紫宸殿前的御道兩側每隔十步便有一名甲士持戟而立,終陵棄跟在內侍監尹暮的身後朝大殿正門走去。

“請走這邊。”尹暮在臨近大殿前忽然帶著終陵棄轉了一個彎,並沒有走那條登上大殿的漢白玉長階。

終陵棄雖然感到奇怪,但還是謹慎地照做了,也沒有詢問為什麼,只是在心中暗暗猜測皇帝這一次會在什麼地方召見自己。

片刻之前這位內侍監的要人忽然造訪了他們忘川的駐地,向終陵棄傳達了皇帝召見的命令這讓終陵棄非常意外,但細細一想又在情理之中。昨日皇帝已經召見了執金吾,現在又召見他這個新任的忘川首領,一定有什麼重大的決定或者事項要宣佈。

尹暮將他帶到了紫宸殿側後方的朝光殿,這座偏殿門前只有兩個值守的武士,按常理來看皇帝是不太可能在這裡面的。除非是刻意低調行事,不想引人注意。

終陵棄將自己的佩劍交給尹暮保管,進殿面見皇帝。

“你來了啊。”皇帝坐在書桌後,看到終陵棄進來便放下了手中的書卷。

朝光殿遠比用於朝會議事以及接待外使的紫宸殿要小,這裡被佈置成了書房的模樣,皇帝平日散朝之後處理政務一般也在此地。

終陵棄行禮之後便一直跪在那兒,等候皇帝開口。

“你可知今日召你來有何事?”皇帝問道。

“不知。”終陵棄乾脆地回答。

“不妨猜一猜,隨便猜。”皇帝輕笑。

終陵棄沉吟了一下,試著說道:“江湖事。”

“自然是江湖事,否則找你做什麼?繼續猜。”

果然是江湖事嗎?可是昨日召見的卻不是御武司的官員,而是金吾衛的首領,這又是什麼原因呢?終陵棄心中百思不得其解。
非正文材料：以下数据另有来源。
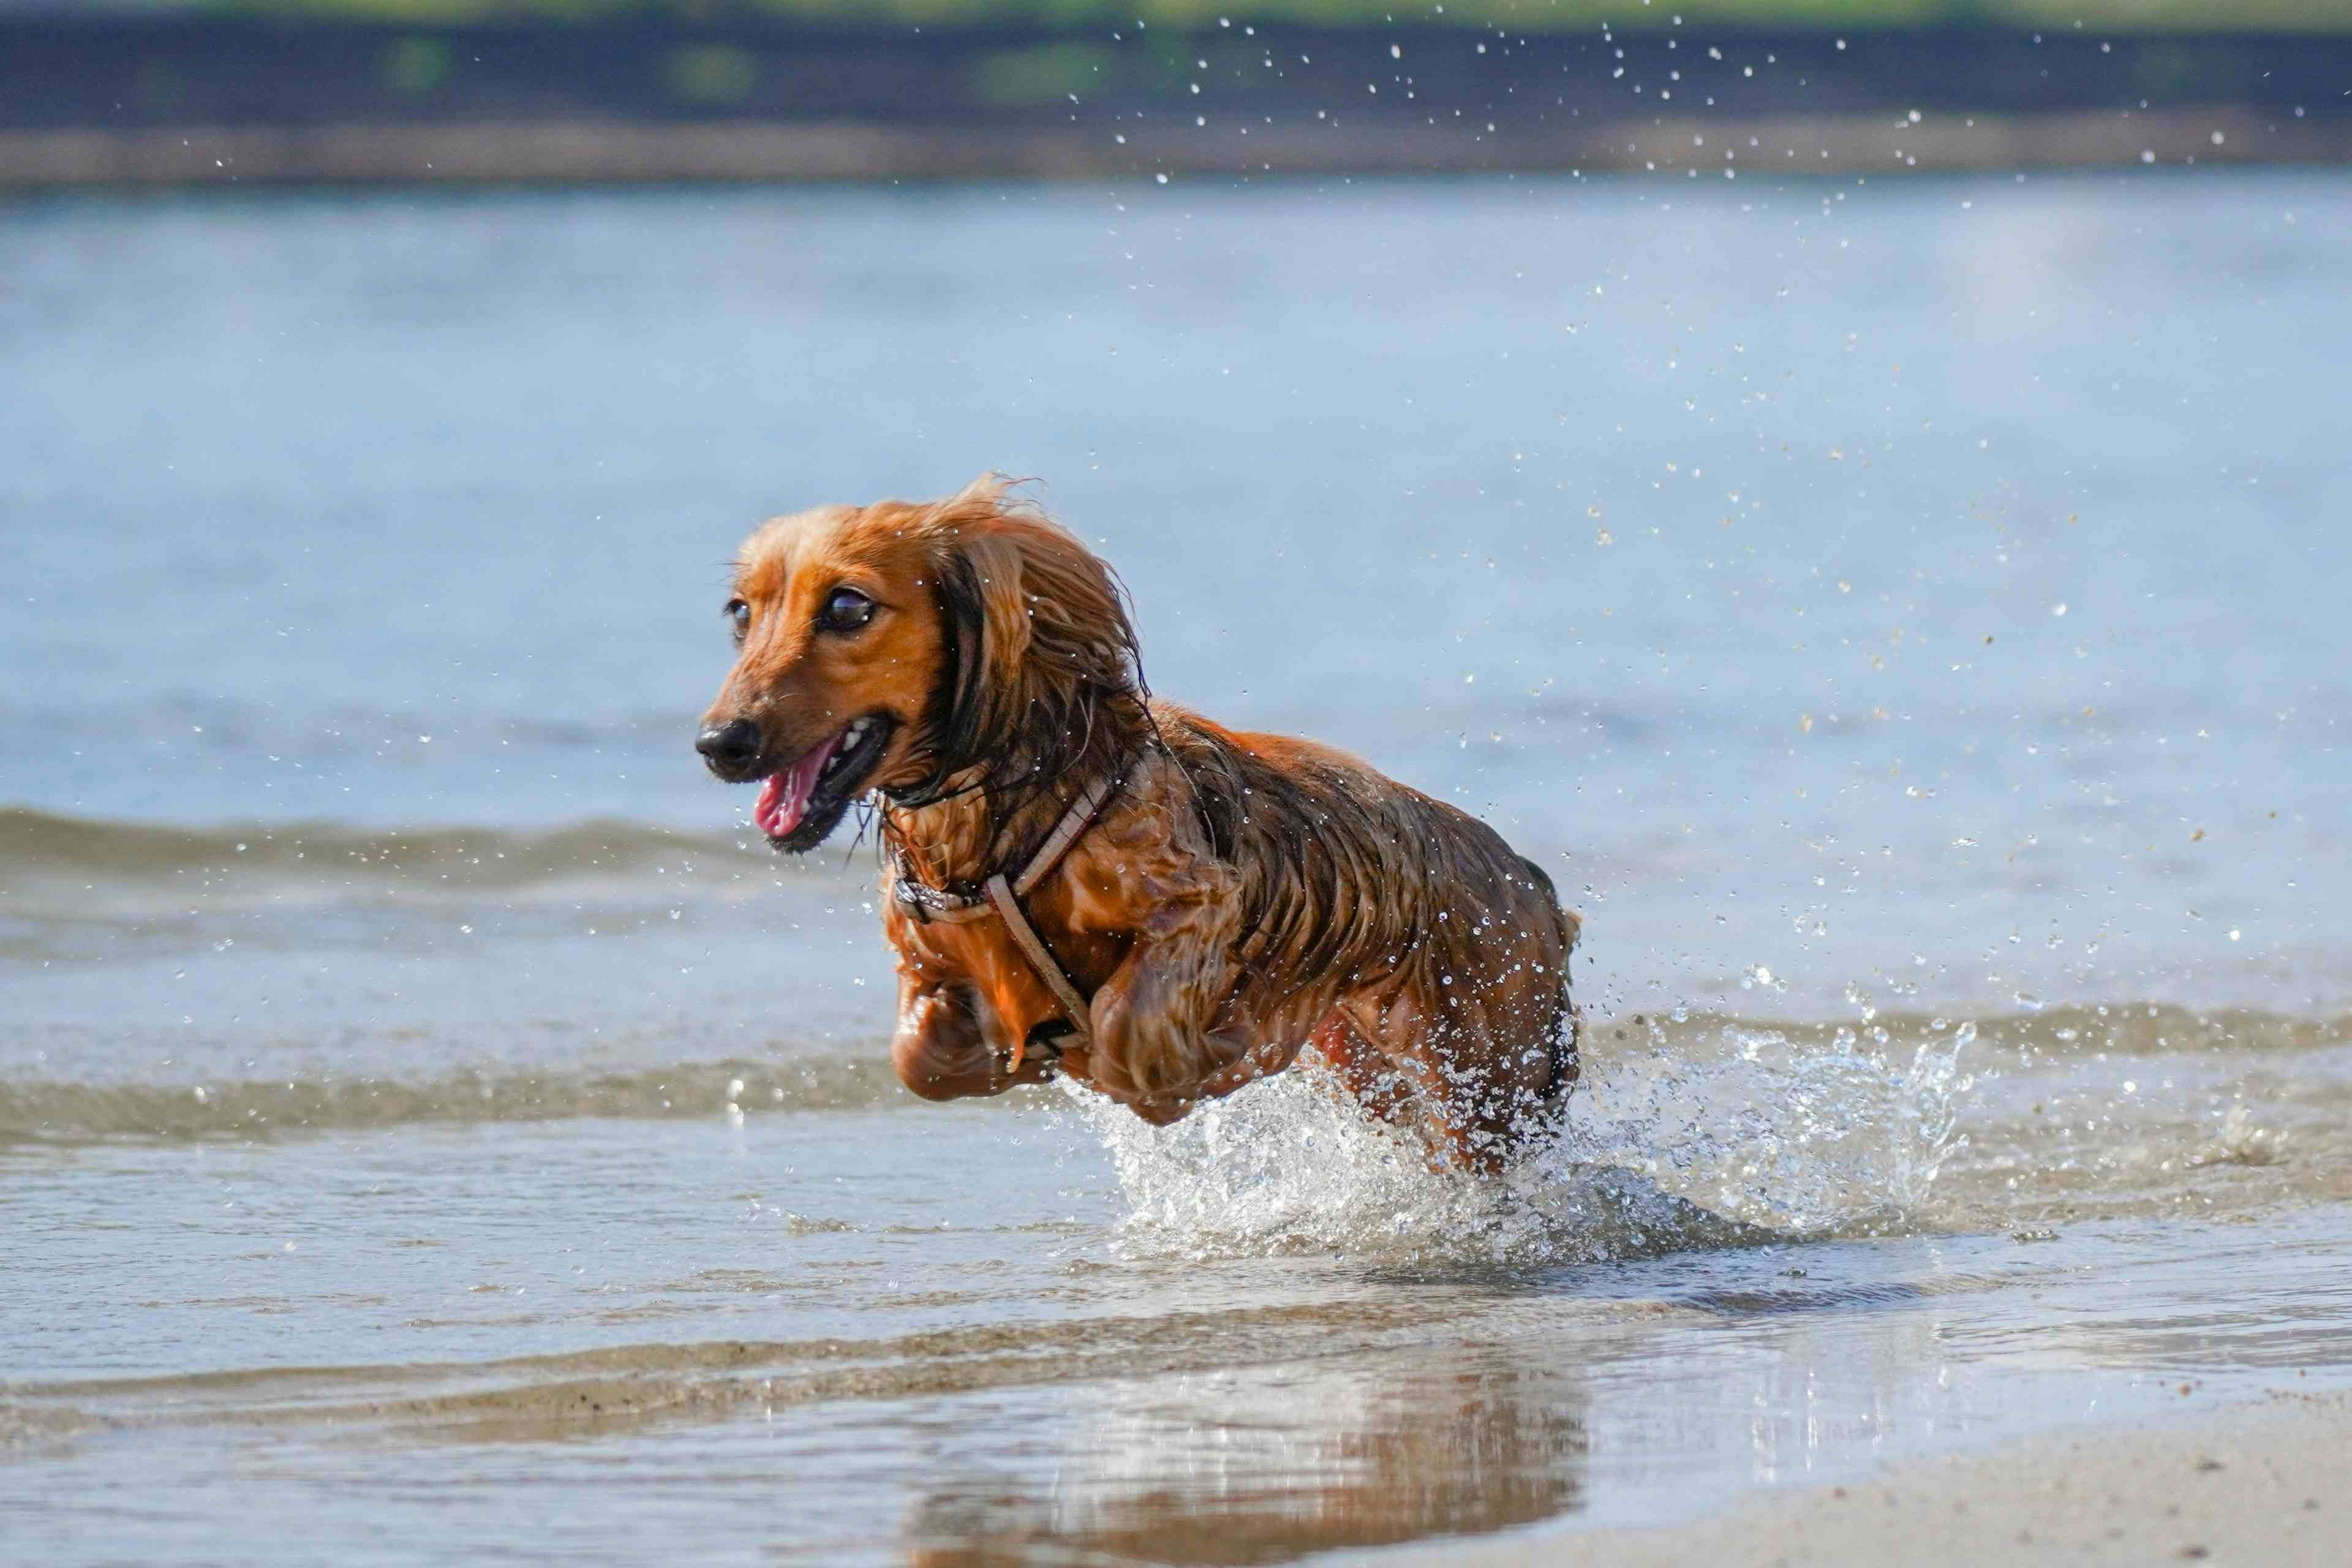 Water intoxication in dogs – how to recognise the signs and act

“陛下是要我們去對付什麼人嗎?畢竟我們的本行還是刺客……”他說道。

皇帝擺了擺手:“算了,猜不到也沒關係,意思差不多吧。”

終陵棄眼神一凜,抬起頭來看向皇帝,發現他的眼中正帶著一絲無可奈何。

“是關於荒蕪宗的事情。”皇帝終於開始向他展現自己的意圖,“如今荒蕪宗已經從御武司之下除名,不再算是朝廷管理的江湖組織,但它的成員仍然遍佈天下,這一點你知道嗎?”

終陵棄點點頭表示自己清楚。

“朕覺得荒蕪宗的人員流動性太高了,又都是些身懷技藝的武人,長此以往恐怕不利於帝國長治久安。”皇帝繼續說道,“過去的時候他們代表朝廷執法江湖,出於行動方便需要,在帝國四方都設立了分部和據點,現在這些都應該被取消了。”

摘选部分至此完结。